Tuesday, January 09, 2007

Credit Card Interchange Fees Draw Criticism and Concern at CES (WayTooHigh.com)

Visa and MasterCard seen as major culprits in predatory credit card processing fees and practices

January 9, 2007, (Las Vegas, NV)—Credit card interchange fees and abusive practices were discussed at the 40th annual Consumer Electronics Show being held in Las Vegas, NV this week.

At the "Photography Fights Back!" panel discussion today, Mitch Goldstone, the president and CEO of 30 Minutes Photos Etc., discussed the challenges that face many business owners and consumers who use credit cards for purchases and payments. Interchange fees are a percentage of each transaction that Visa® and MasterCard® member banks collect from merchants every time their credit or debit cards are used to pay for a purchase.

The fee varies with the type of merchant transaction but the average is nearly 2 percent for most credit card purchases. Goldstone, in his comments, called on members of the house and Senate to seriously consider the potential benefits of oversight and regulation of these fees.

Speaking from the Venetian Hotel, where educational sessions for the Consumer Electronics Show is taking place, Goldstone commented, “What Visa and MasterCard are doing hurts the merchant, the consumer and in reality, the country. I find it ironic that we are here at the 40th anniversary of the Consumer Electronics Show and that the bulk of the products here will be purchased with credit cards that operate through a 1960’s fee structure.”

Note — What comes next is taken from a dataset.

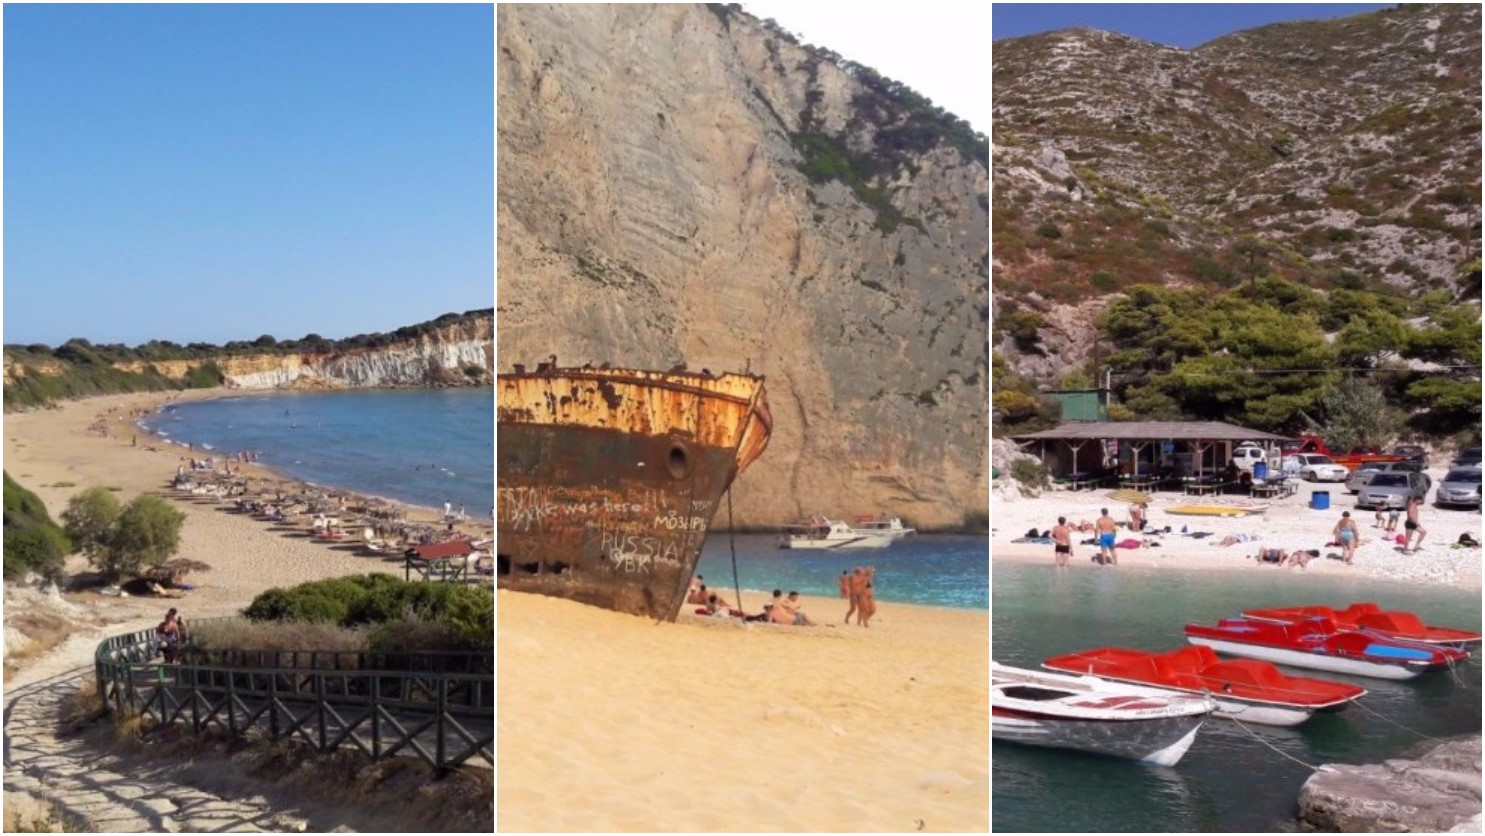 Explore Zante beaches - Gerakas Beach | Navagio Beach | Porto Vromi Beach
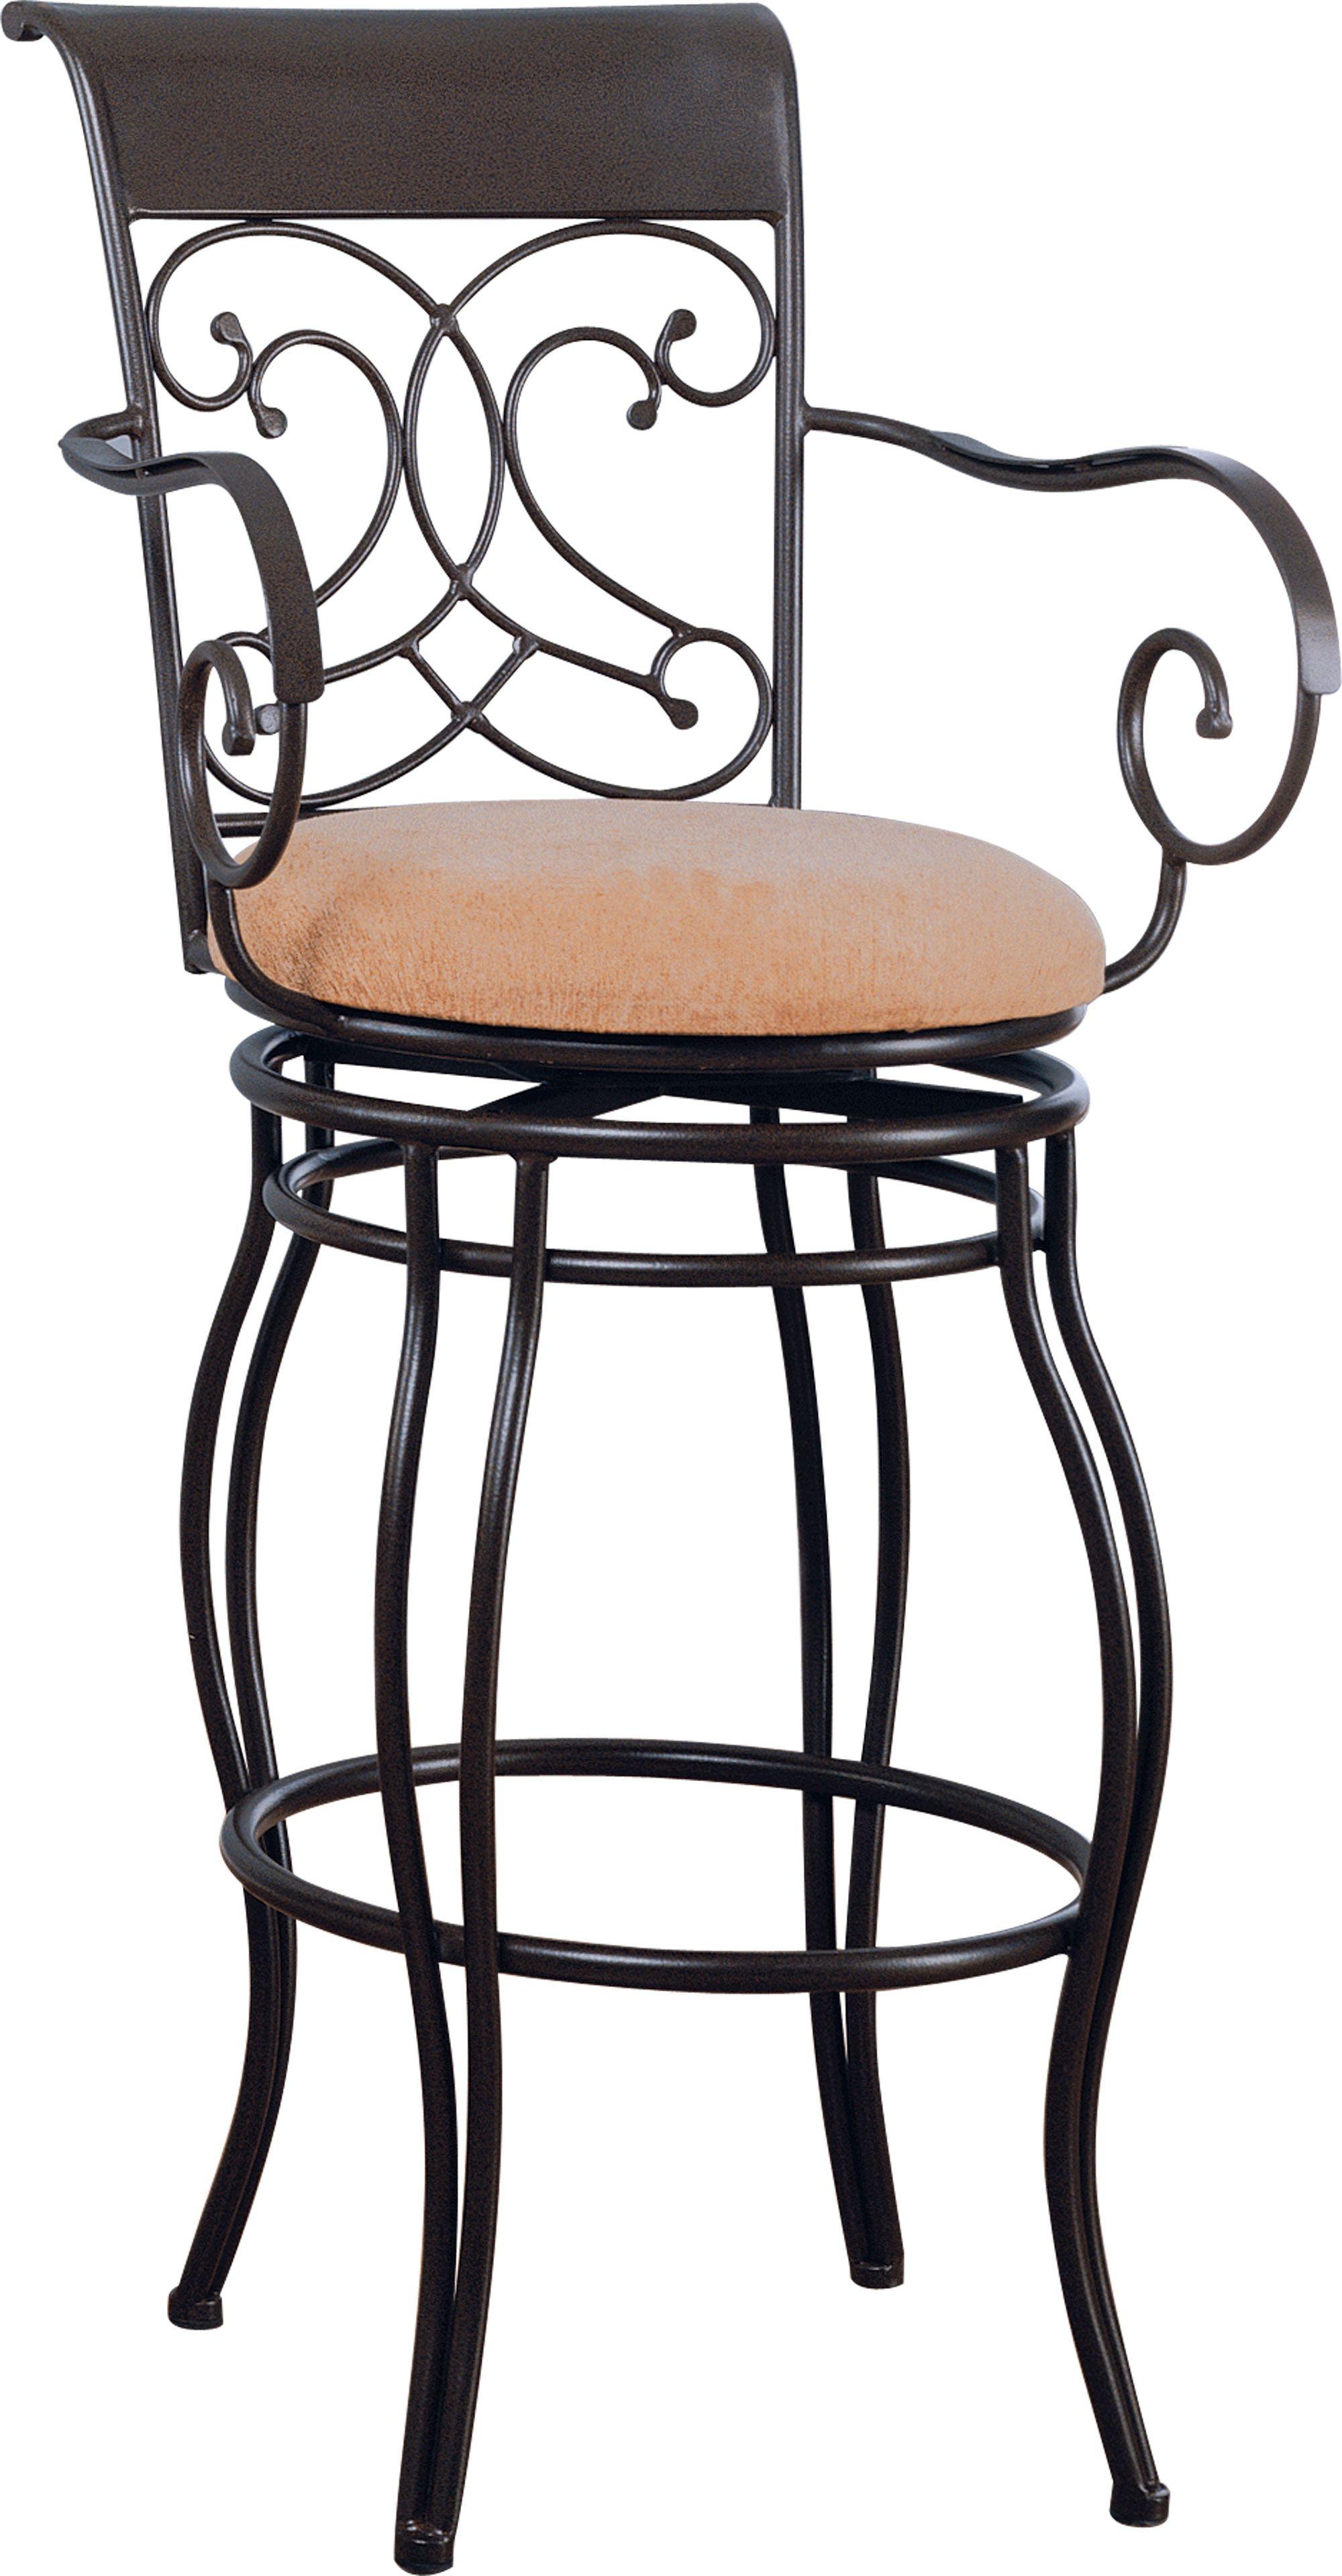 Coaster Dark Brown 29 Metal Bar Stool With Upholstered Seat

In 2005, U.S. consumers paid more than $30 billion in interchange fees when using MasterCard and Visa cards, double the amount they paid in ATM fees and late fees combined. Another odd aspect of interchange fees is that the United States pays the highest rate despite having the most advanced technology. For example, United Kingdom consumers pay roughly half the U. S. consumer rate, and Australian consumers pay a third. A recent survey also discovered that the United States and Canada are the only countries that have seen recent increases in interchange fees. Fees in the U.S. are among the highest for any industrialized nation and more than double many other countries.

“It’s no coincidence that U.S. consumers pay the highest rate as they are the most active card users. Other countries have recognized that the interchange fee is a hollow, almost punitive, processing fee that doesn’t cover any provided service,” said Goldstone, who is a lead plaintiff and class representative in the multi-billion dollar antitrust class-action litigation against Visa and MasterCard. “It made sense in the 60s, 70s and maybe even the 80s when paper transactions and human interactions and approvals were the norm. Today, the same transactions are approved and funds delivered within seconds, therefore there is no need or rationale for the fee.”

In an example of how interchange fees function, imagine a consumer making a $100 purchase with a credit card. For that $100 item, the retailer would get approximately $98. The remaining $2, known as the merchant discount or interchange (which is actually a fee), gets divided up. About $1.75 would go to the card issuing bank and $0.25 would go to the retailer's bank. Under the current structure, these fees are an unnecessary tax on merchants, consumers and burden economic growth.

Goldstone is also co-editor of WayTooHigh.com – The Credit Card Interchange Report which provides international daily news and community updates on interchange issues.